Infatti, le prestazioni ricevute dalla Pubblica Amministrazione soggiacciono a due differenti regimi fiscali IVA, paralleli ed incomunicabili tra di loro, che variano a seconda della funzione che svolge l’ente pubblico nel momento in cui le riceve; il regime IVA previsto per i servizi inerenti alla sfera istituzionale è strutturalmente diverso da quello applicabile nel caso la PA riceva una prestazione inerente la propria sfera imprenditoriale, nel caso – piuttosto frequente - in cui l’ente pubblico abbia anche una partiva Iva per attività imprenditoriale a latere.

Nel primo caso (fatture per prestazioni istituzionali), tutti i documenti fiscali emessi dal 1° gennaio 2015 (La Legge 23 dicembre 2014 n. 190, all’art.1, comma 629, lett. b), che ha modificato il Dpr. n. 633/72, aggiungendo l’art.17-ter.) sono soggetti al regime dello split payment (o scissione dei pagamenti), in base al quale l'emittente dovrà esporre l'IVA in fattura con la rivalsa ordinaria (specificando comunque la scissione del pagamento IVA), ma l’imposta verrà trattenuta dall’ente pubblico, al momento del pagamento del corrispettivo, e versata da quest’ultimo direttamente all’Erario (Cfr. Franco Ricca, Il sistema speciale dello split payment, In Italia Oggi Sette 12/11/2018). Una volta selezionato lo split payment nella fattura elettronica PA, l’emittente registrerà normalmente il documento fiscale nella propria contabilità IVA, ma, al momento della liquidazione IVA del relativo periodo, non segnerà a debito il tributo “scisso” a favore della PA, che non verrà versato dal fornitore, ma dal cliente/PA (in merito alle due modalità di liquidazione dell’IVA in base alla natura di acquisto commerciale o istituzionale dell’ente cfr.
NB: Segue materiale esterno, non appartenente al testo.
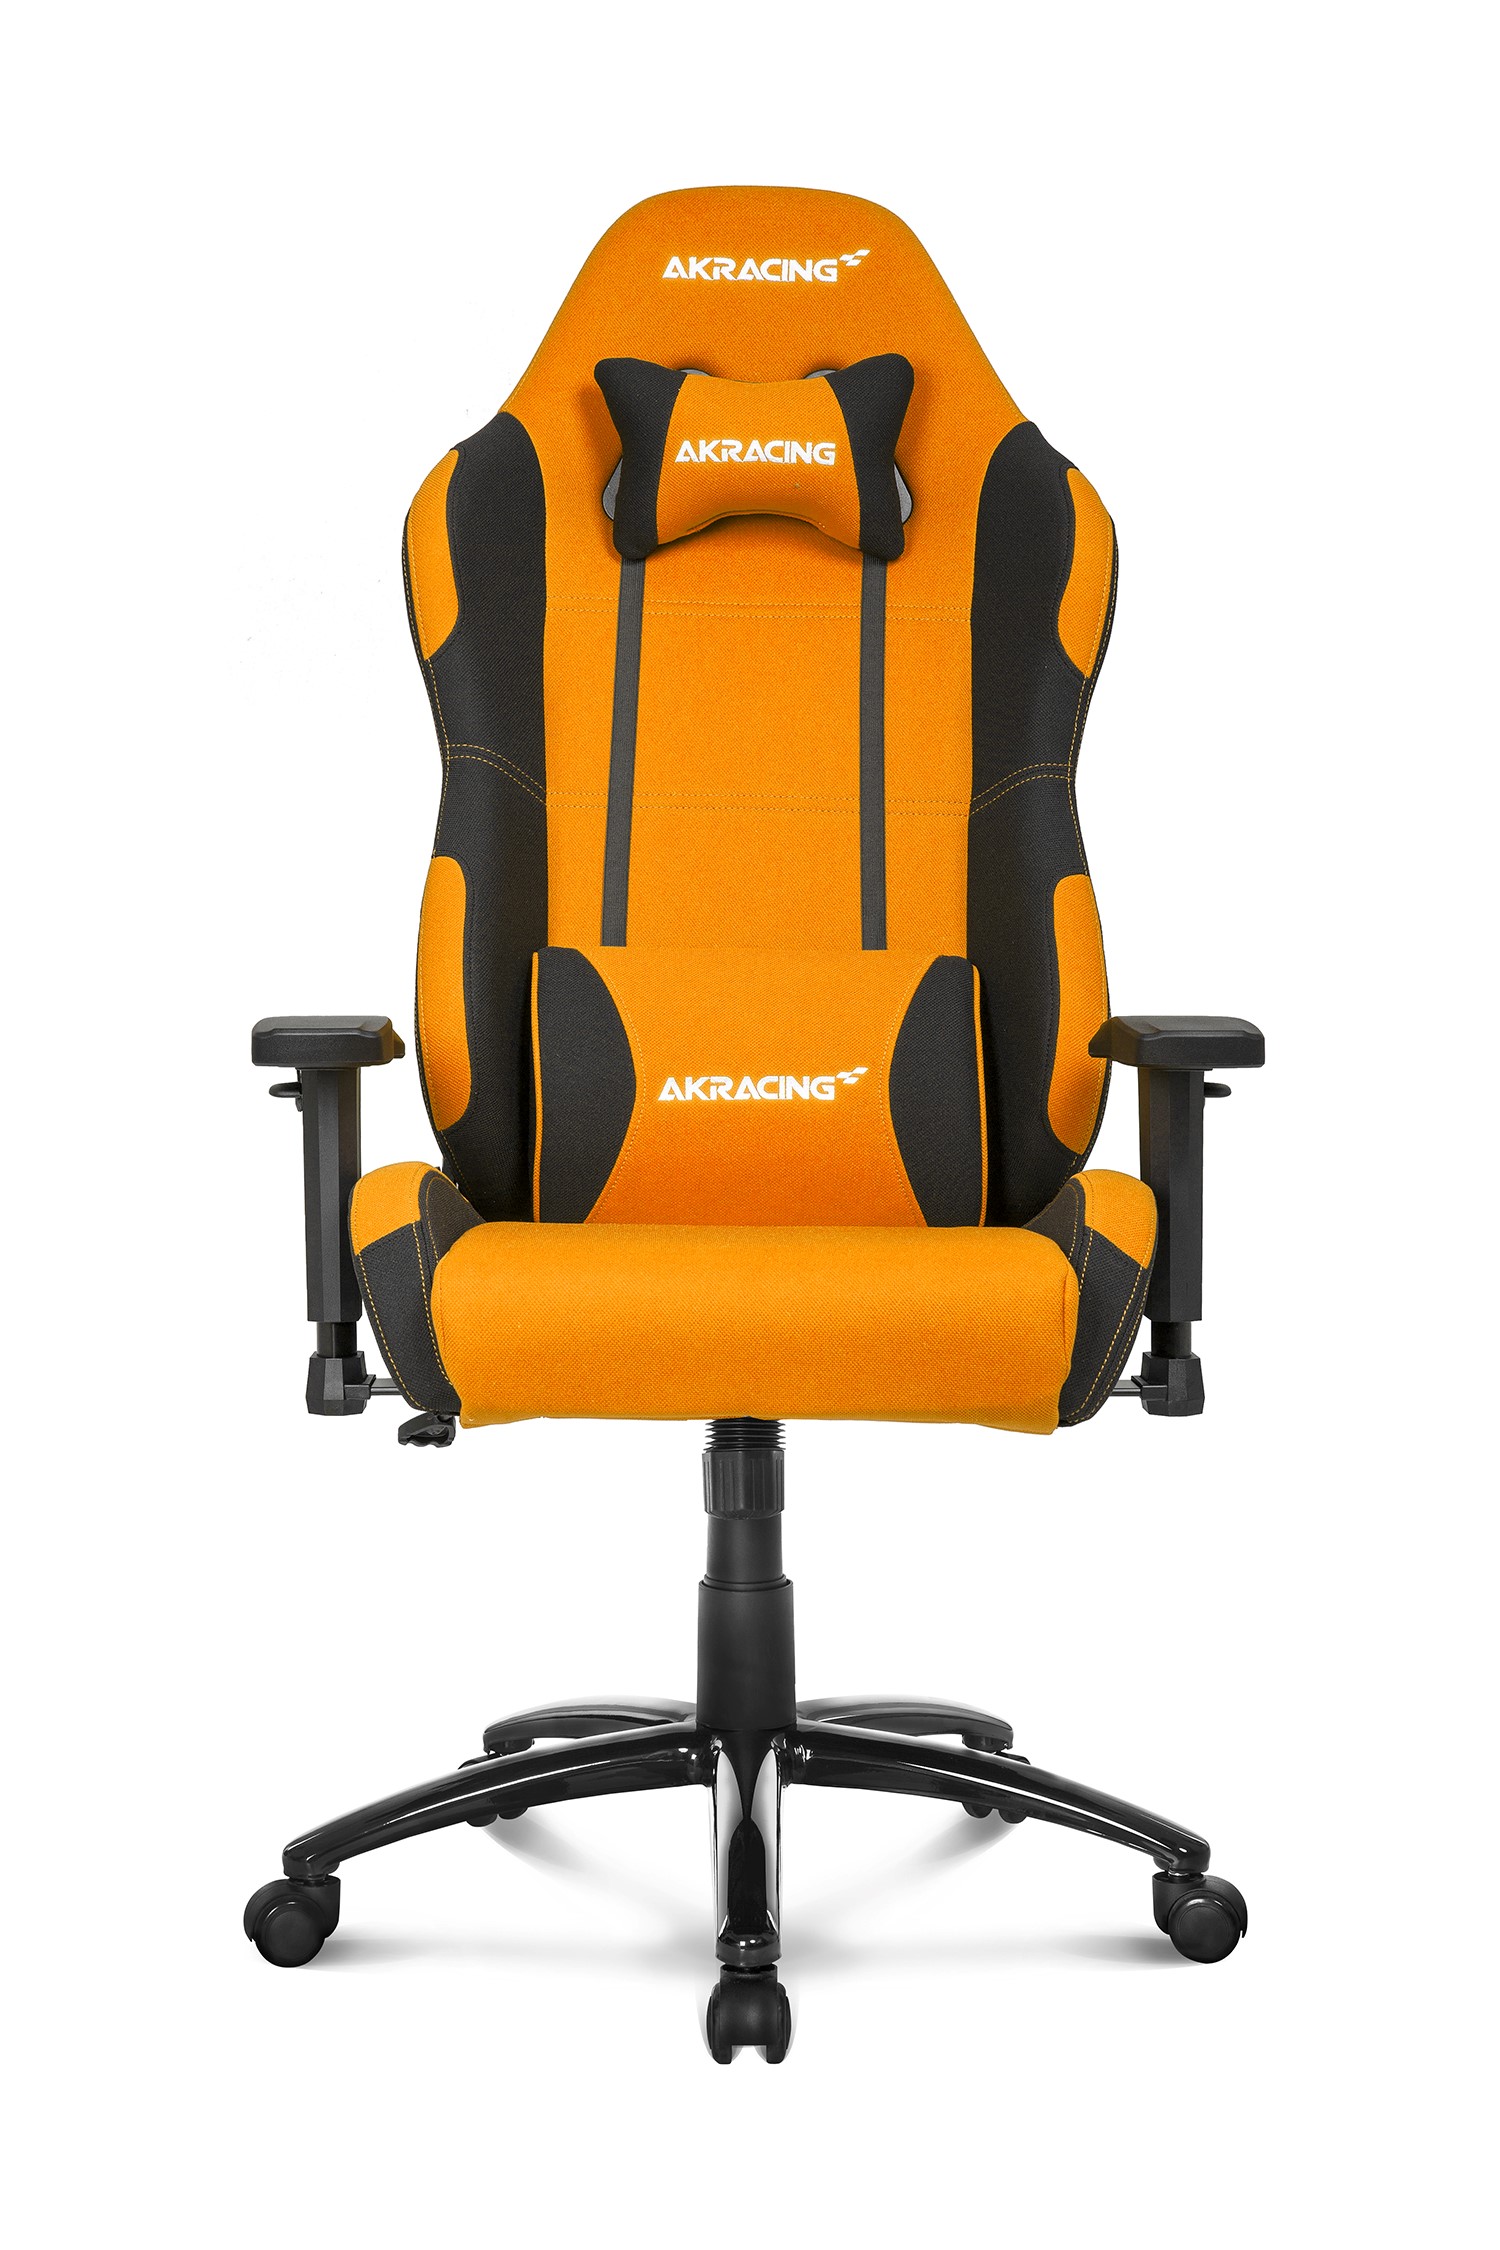 AKRacing Prime Orange Gaming Chair

L. Salvini, Profili sistematici e di legittimità dello “split payment”, in Corriere Tributario n. 14, IPSOA, 2015, pag. 1042).
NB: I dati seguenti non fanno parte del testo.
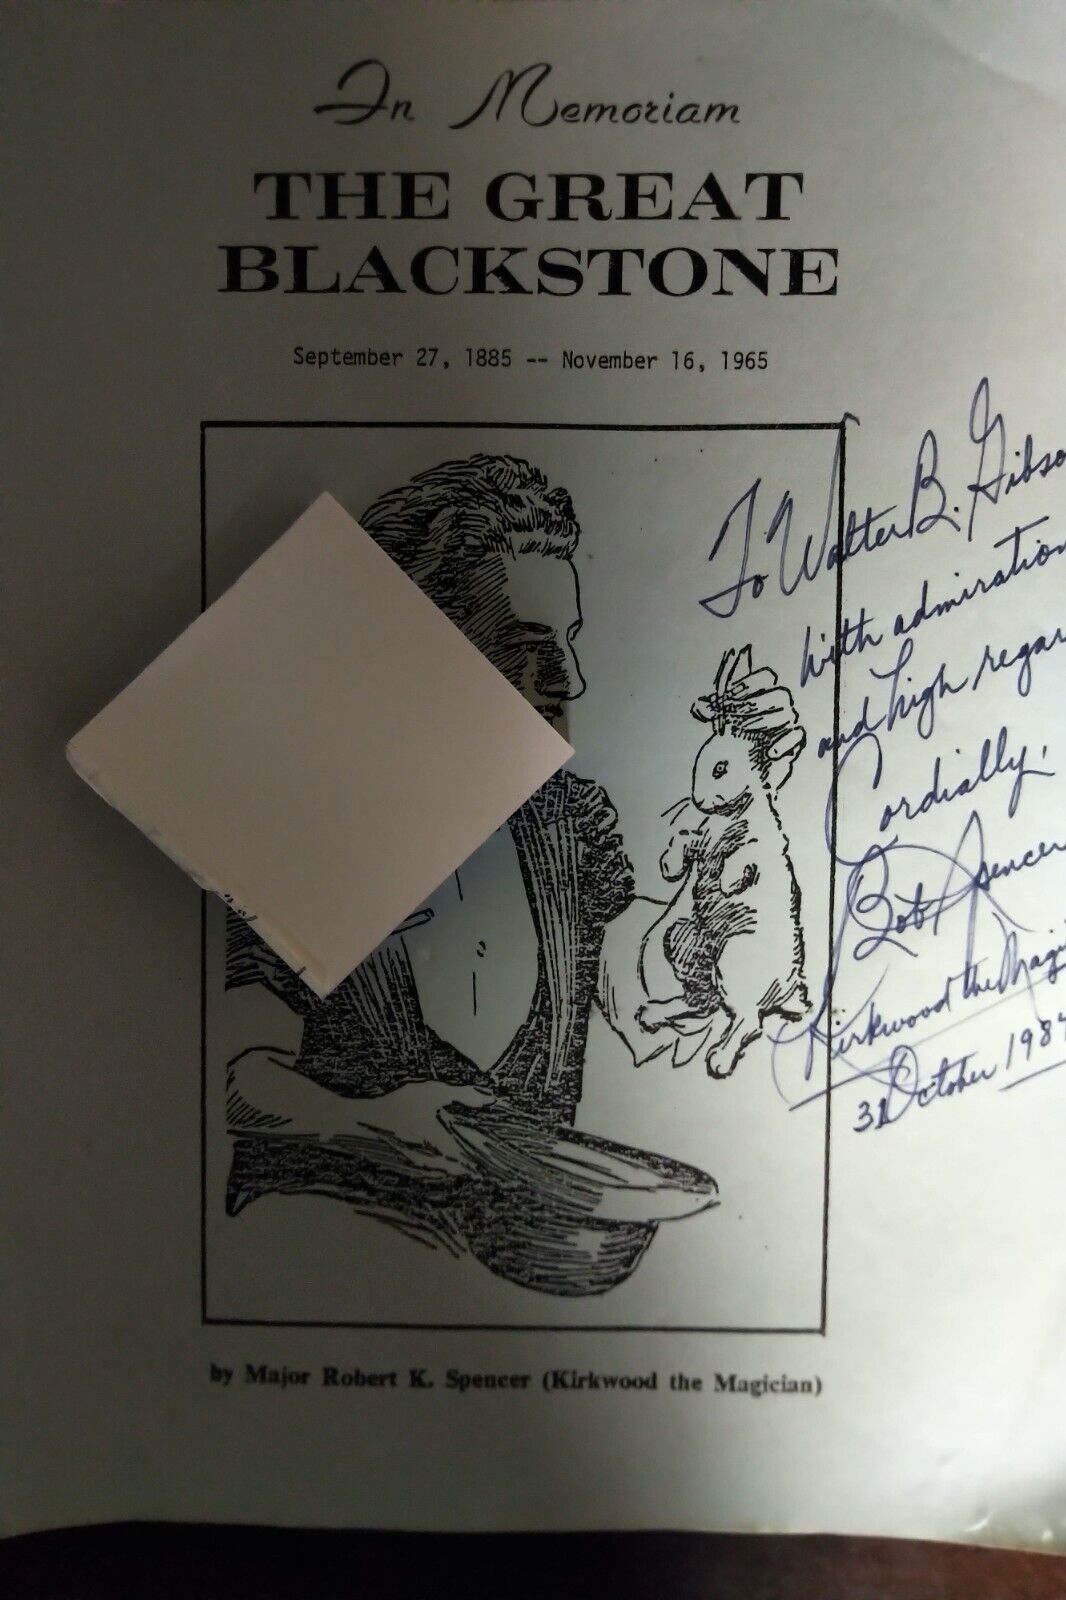 Autographed Original Program In Memoriam Service for The Great Blackstone 1965

Ben diverso è il caso delle prestazioni rientranti nell’ambito imprenditoriale dell’ente pubblico, le quali invece saranno soggette (su opzione della PA ricevente) al diverso regime del reverse charge (ossia della fatturazione inversa), in base al quale l'IVA non verrà comunque versata al fornitore, ma non sarà neanche immediatamente liquidata all'Erario (facendo, quindi, venir meno la “trattenuta IVA” attuata nello split payment istituzionale); per le operazioni commerciali della PA, la liquidazione dell’imposta avverrà solamente a mezzo della registrazione simultanea dell’IVA a credito ed a debito, così da neutralizzare il tributo. Si tratta di un regime opzionale, perché, in alternativa, l’ente pubblico può anche decidere di attuare il sistema della “trattenuta” applicato nello split payment istituzionale, ritenendo e versando all’erario l’imposta nella liquidazione ordinaria. Si tratta di due modalità alternative di gestione IVA, che la PA ricevente sceglierà in via autonoma solo per l’IVA commerciale, senza alcun riflesso in capo all’emittente, il quale in ogni caso dovrà emettere la fattura in regime di split payment, senza vedersi riconosciuta l’IVA in rivalsa (cfr. M. Brisacani, I complessi adempimenti degli Enti pubblici, il Fisco, 2016, n. 15, pag. 1427: “i due meccanismi split payment e reverse charge si presentano come alternativi tra di loro, …. Da ciò deriva, che già in sede di effettuazione dell’acquisto, l’Ente deve essere in grado di definire se l’operazione debba rientrare nell’uno o nell’altro sistema fornendo opportuna comunicazione anche al fornitore…”).  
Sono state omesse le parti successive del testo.